__Provided records__
───

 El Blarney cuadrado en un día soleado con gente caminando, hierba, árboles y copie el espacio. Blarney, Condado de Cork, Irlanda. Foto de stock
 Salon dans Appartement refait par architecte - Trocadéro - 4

───

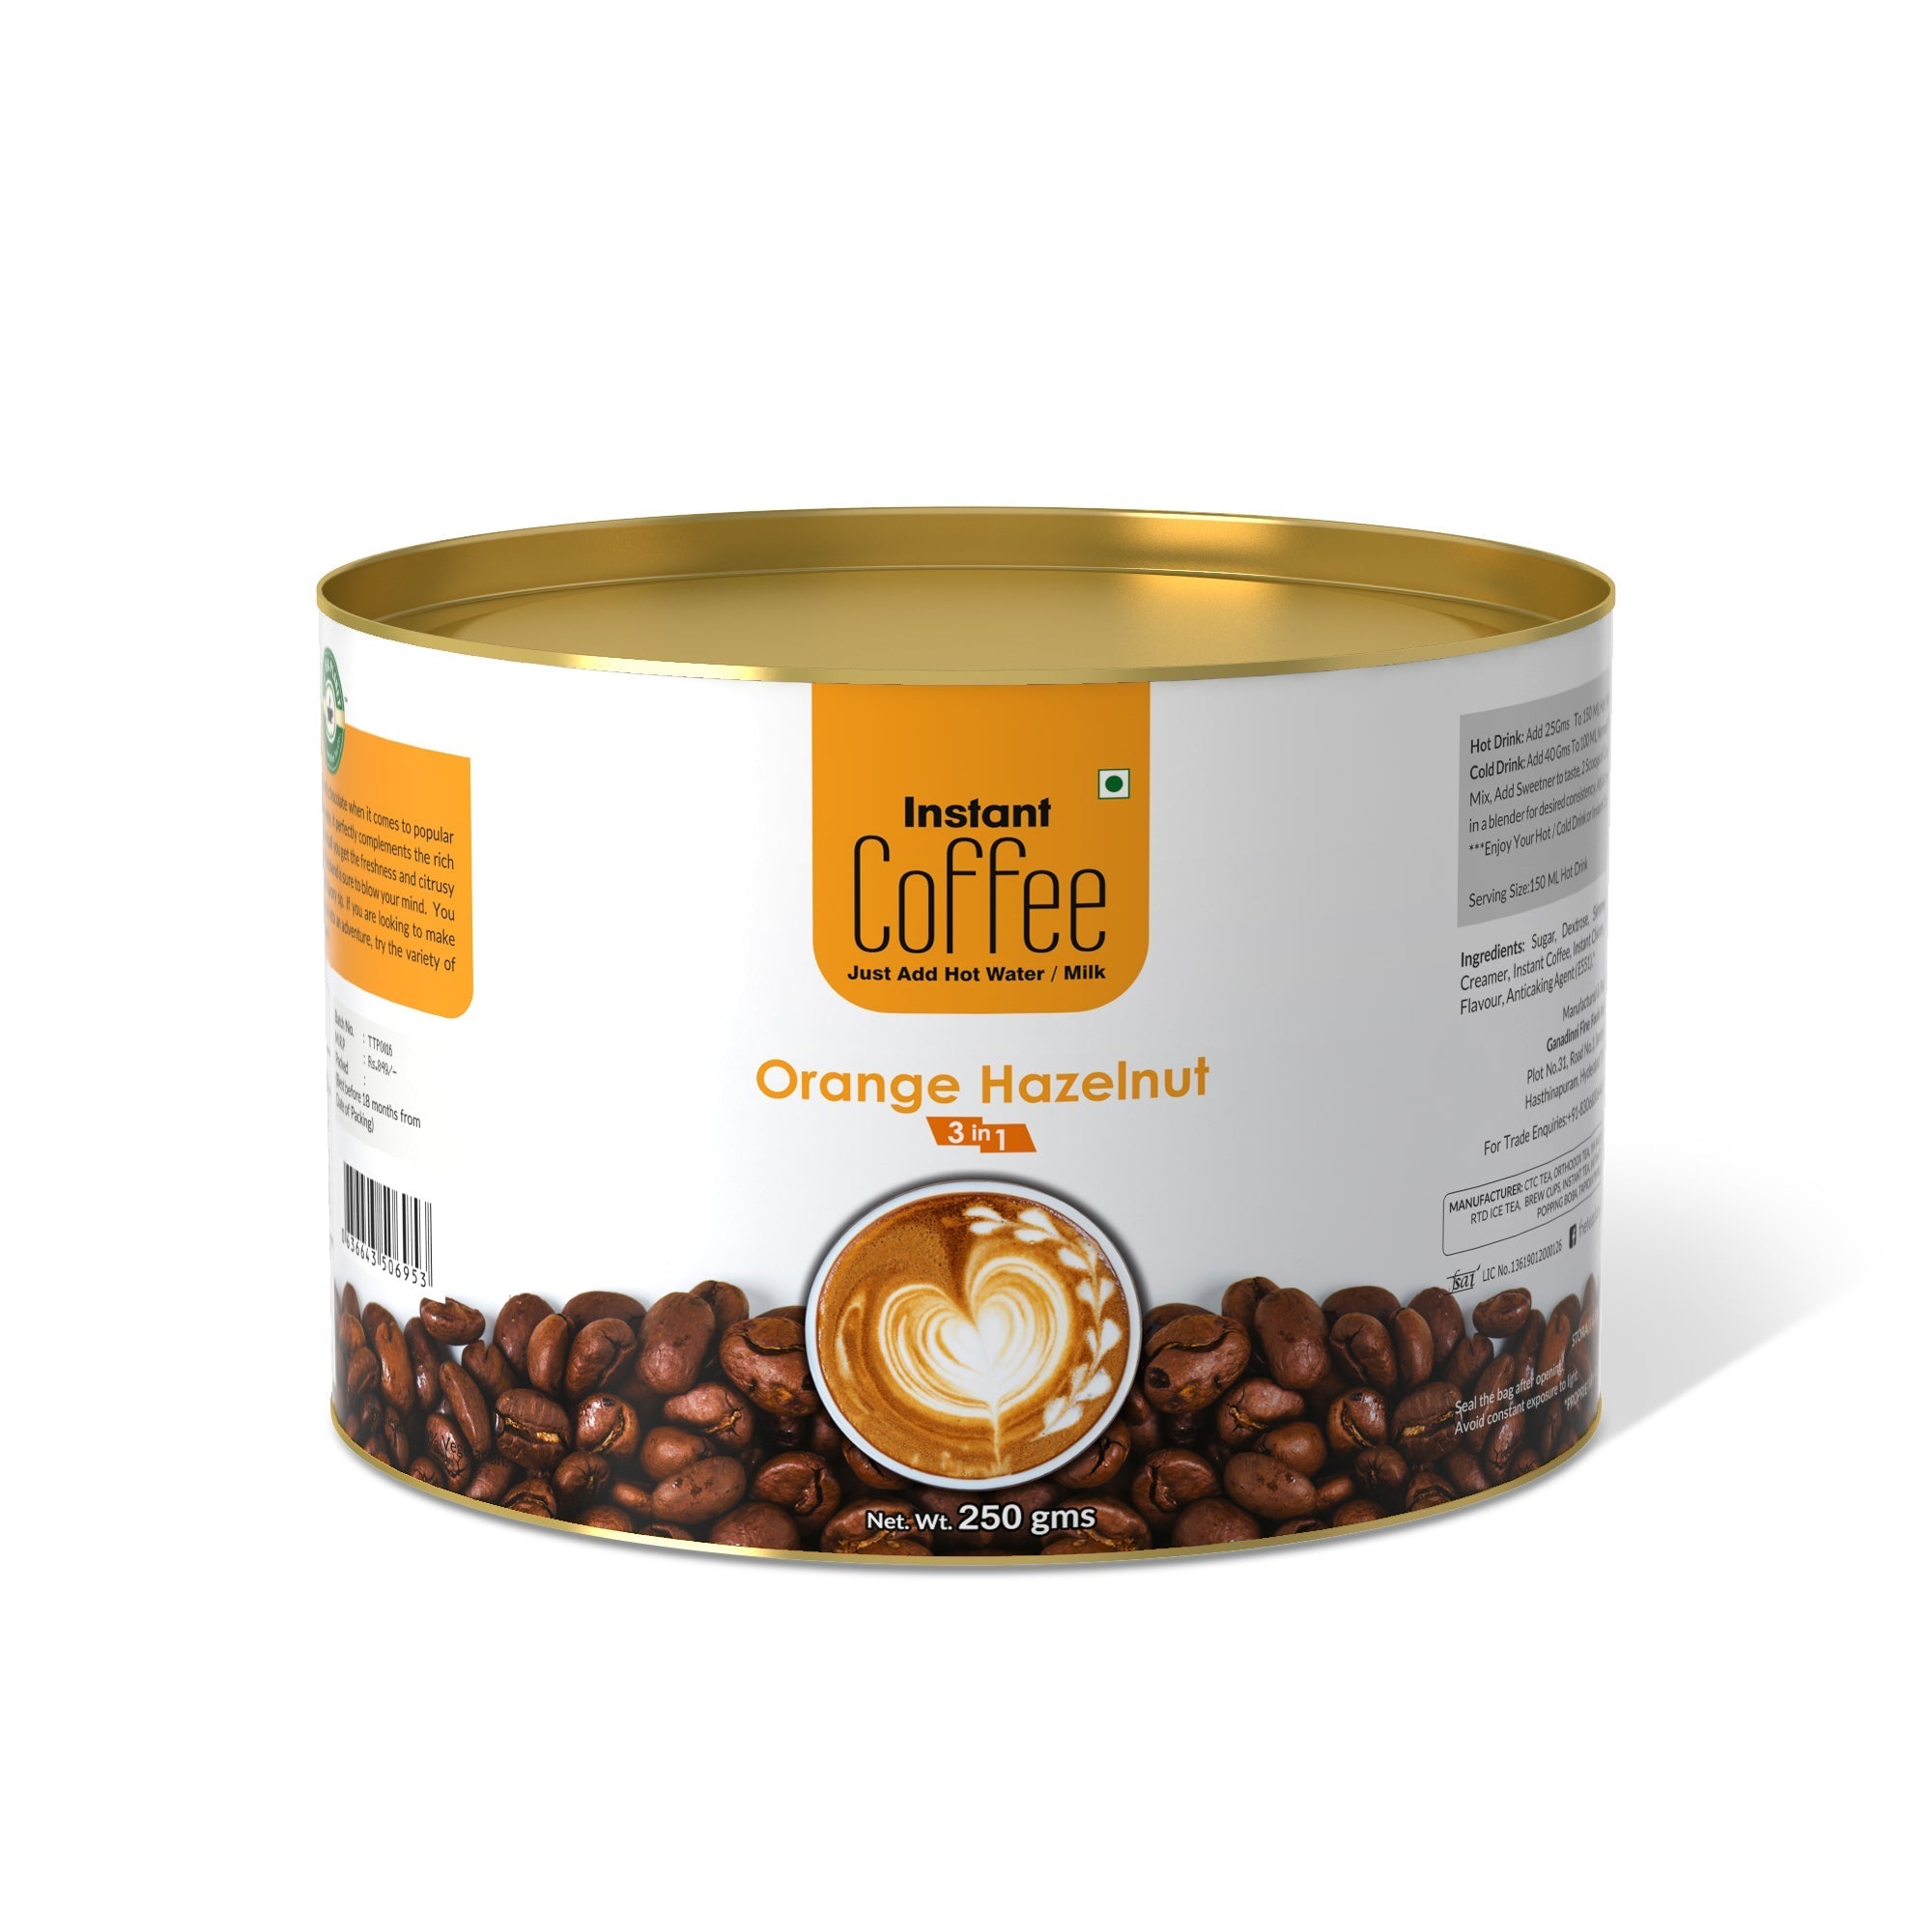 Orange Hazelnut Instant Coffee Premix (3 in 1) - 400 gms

───

__Your assignment__
Look through the entries above and quote exactly the lines from the line with "El Blarney cuadrado" to the line with "Salon dans Appartement", counting both of those lines.

__Answer to this task__
 El Blarney cuadrado en un día soleado con gente caminando, hierba, árboles y copie el espacio. Blarney, Condado de Cork, Irlanda. Foto de stock
 Salon dans Appartement refait par architecte - Trocadéro - 4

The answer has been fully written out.